ApplyingML


Aditya Nambiar - Founding Eng @ Fennel / Ex-Tech Lead @ Meta

Learn more about Aditya at LinkedIn and Twitter.

Please share a bit about yourself: your current role, where you work, and what you do?

Hey I am Aditya, founding engineer at Fennel.ai and was previously a Tech Lead at Instagram Ads and Community Integrity at Facebook. Prior to which I worked in research teams at Google. Currently, I am responsible for building the core ML infrastructure at Fennel.ai.

What was your path towards working with machine learning? What factors helped along the way?

I earned my bachelor's degree in Computer Science & Engineering from IIT Bombay and pursued a minor in Statistics. This provided me with a solid foundation in the mathematical principles underlying machine learning.

My journey towards working with machine learning began during my time as a software engineer at Google. I was initially working on projects that used Information Retrieval techniques to solve problems, but I became increasingly interested in the potential of machine learning to tackle complex challenges that traditional software engineering approaches couldn't solve.

Fortunately, I had the opportunity to switch to a team that was using machine learning to address similar problems. This team was at the forefront of developing the TTSN ( Two Tower Sparse Neural Networks ) architecture for retrieval, which provided me with my first exposure to machine learning. I was fascinated by the power of ML and the potential it held for transforming the way we solve problems.

From there, I moved on to become a Tech Lead at Meta, where I helped build the ML platform that used deep learning to validate the authenticity of identification documents, parse & match them to user's profiles. This was a challenging problem that required heavy use of computer vision and natural language processing. Later on, I joined Instagram where I led the development of ads in new surfaces such as Reels and Explore. This experience gave me the chance to apply my machine learning expertise to a new set of challenges and further deepen my understanding of the field.

How do you spend your time day-to-day?

As a founding engineer at a startup, my day-to-day work involves a broad range of responsibilities. I spend a significant amount of time building and the core ML infrastructure that powers our platform. In addition to that, I work closely with our customers to understand their needs and ensure that our platform is meeting their requirements.

Some days are purely brainstorming about a range of topics such as go-to-market strategies, sales and marketing initiatives, building the roadmap for the product or just meeting potential customers and understanding their needs.

It's a lot of fun since you get to wear multiple hats and learn a lot of new things, especially around topics that I earlier had zero exposure to. It has definitely been a very rewarding and fulfilling experience.

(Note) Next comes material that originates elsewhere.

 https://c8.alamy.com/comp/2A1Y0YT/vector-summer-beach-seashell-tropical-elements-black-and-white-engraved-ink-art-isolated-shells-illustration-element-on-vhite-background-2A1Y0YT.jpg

How do you work with business to identify and define problems suited for machine learning? How do you align ML projects with business objectives?

Working with business stakeholders to identify and define problems suited for machine learning requires a collaborative and iterative approach. Typically, I start by sitting down with product managers and engineering managers to understand the problem at hand and how it relates to the broader business objectives. From there, it's important to understand what the business metrics are and how they are measured. This helps us determine whether machine learning is the right approach for solving the problem, and if so, what modeling approach to use. In some cases, a simple rule-based solution may be more appropriate than a machine learning model. However, if machine learning is the right approach, we can then start to iterate on an initial solution and improve it over time.

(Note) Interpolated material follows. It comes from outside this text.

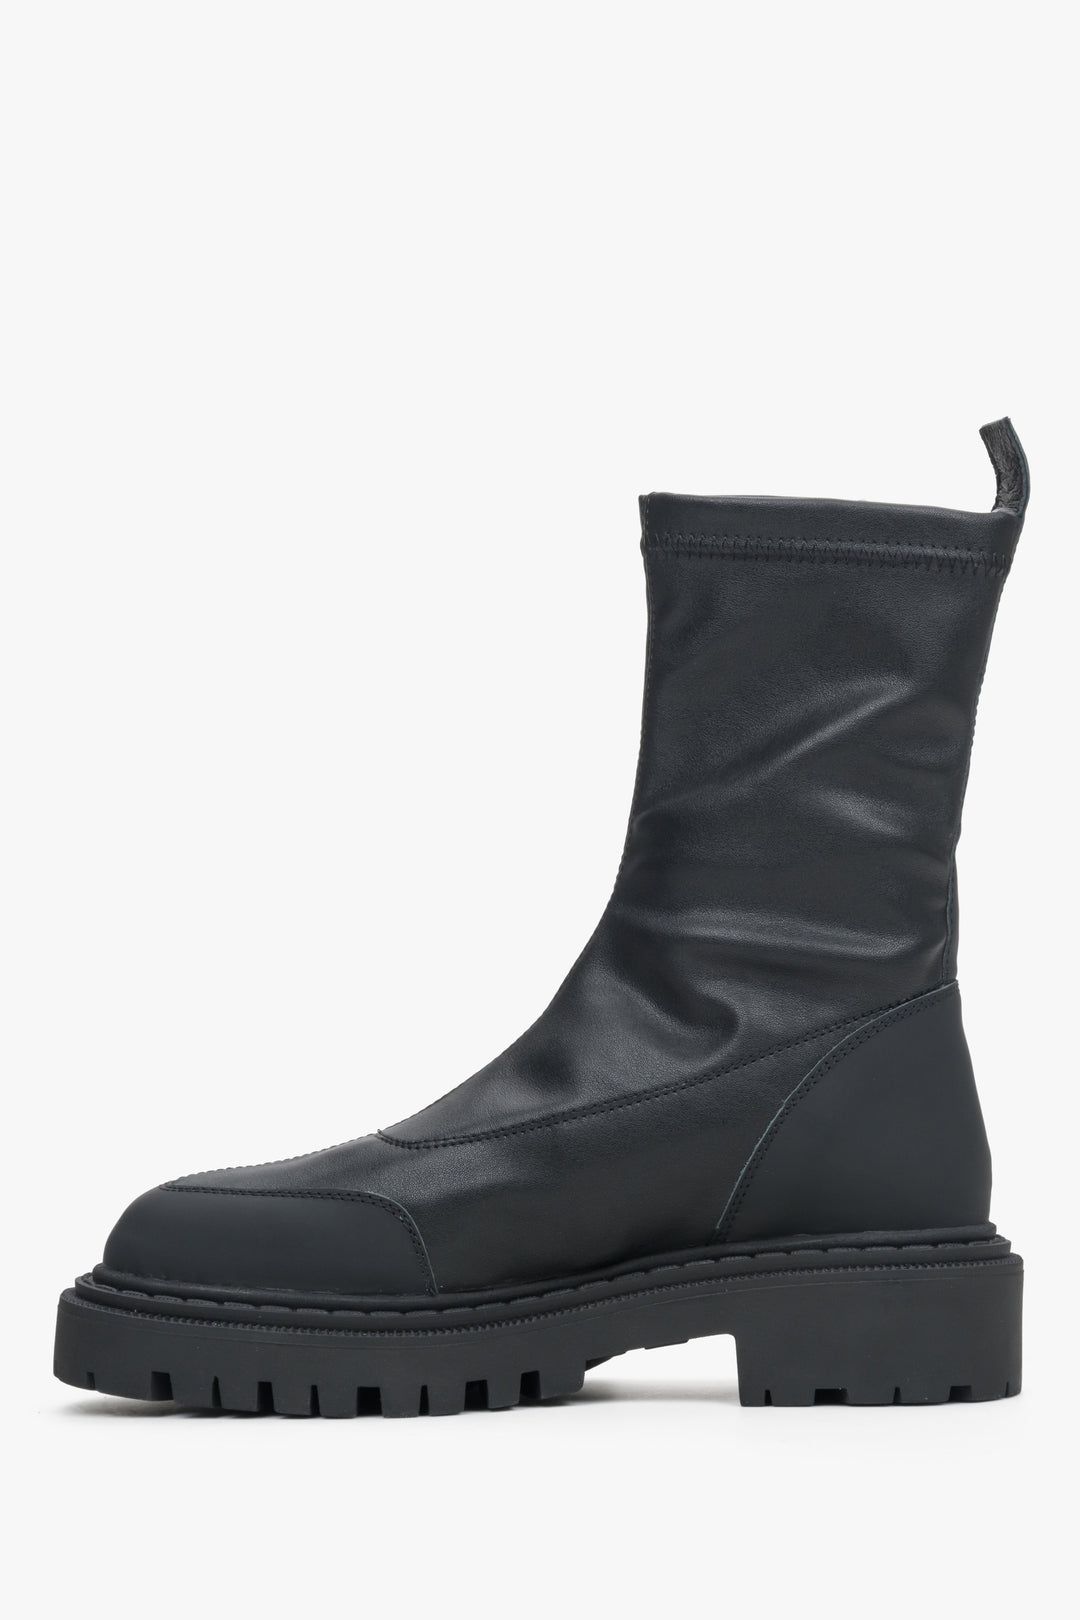 High black women's boots with a flexible upper - shoe profile.

To align machine learning projects with business objectives, it's essential to choose the right objective function and metrics that align with the business goals. This requires ongoing communication and collaboration between the technical team and the business stakeholders. It's important to ensure that everyone is aligned on the metrics and that we're tracking progress towards the desired outcomes. This helps to ensure that the machine learning projects are delivering value to the business and are aligned with its broader objectives.

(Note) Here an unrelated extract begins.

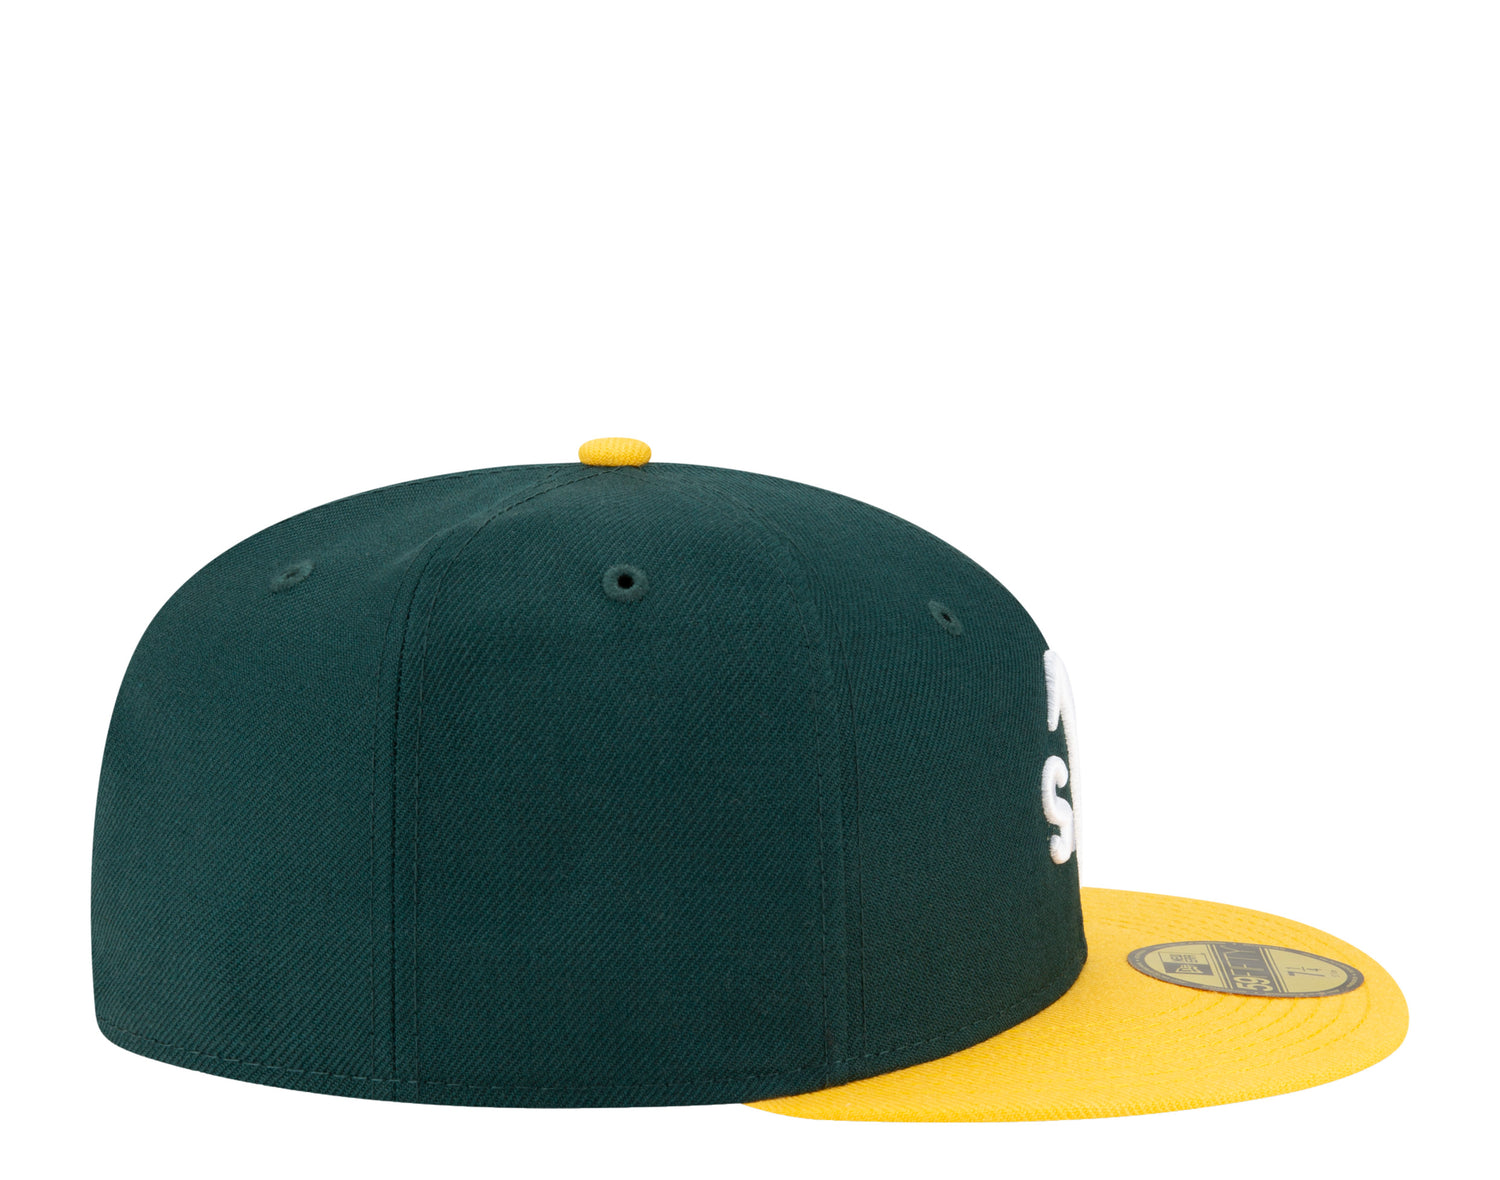 New Era 59Fifty MLB Oakland Athletics Upside Down Logo Fitted Hat

Imagine you're given a new, unfamiliar problem to solve with machine learning. How would you approach it?

When faced with a new, unfamiliar problem to solve with machine learning, I would approach it in a structured and iterative manner. Here's the process I would follow:

  • Understand the problem: I would start by gaining a deep understanding of the problem at hand, including its context, scope, and requirements. This would involve working closely with stakeholders to understand their needs, as well as conducting research on similar problems that have been solved with machine learning.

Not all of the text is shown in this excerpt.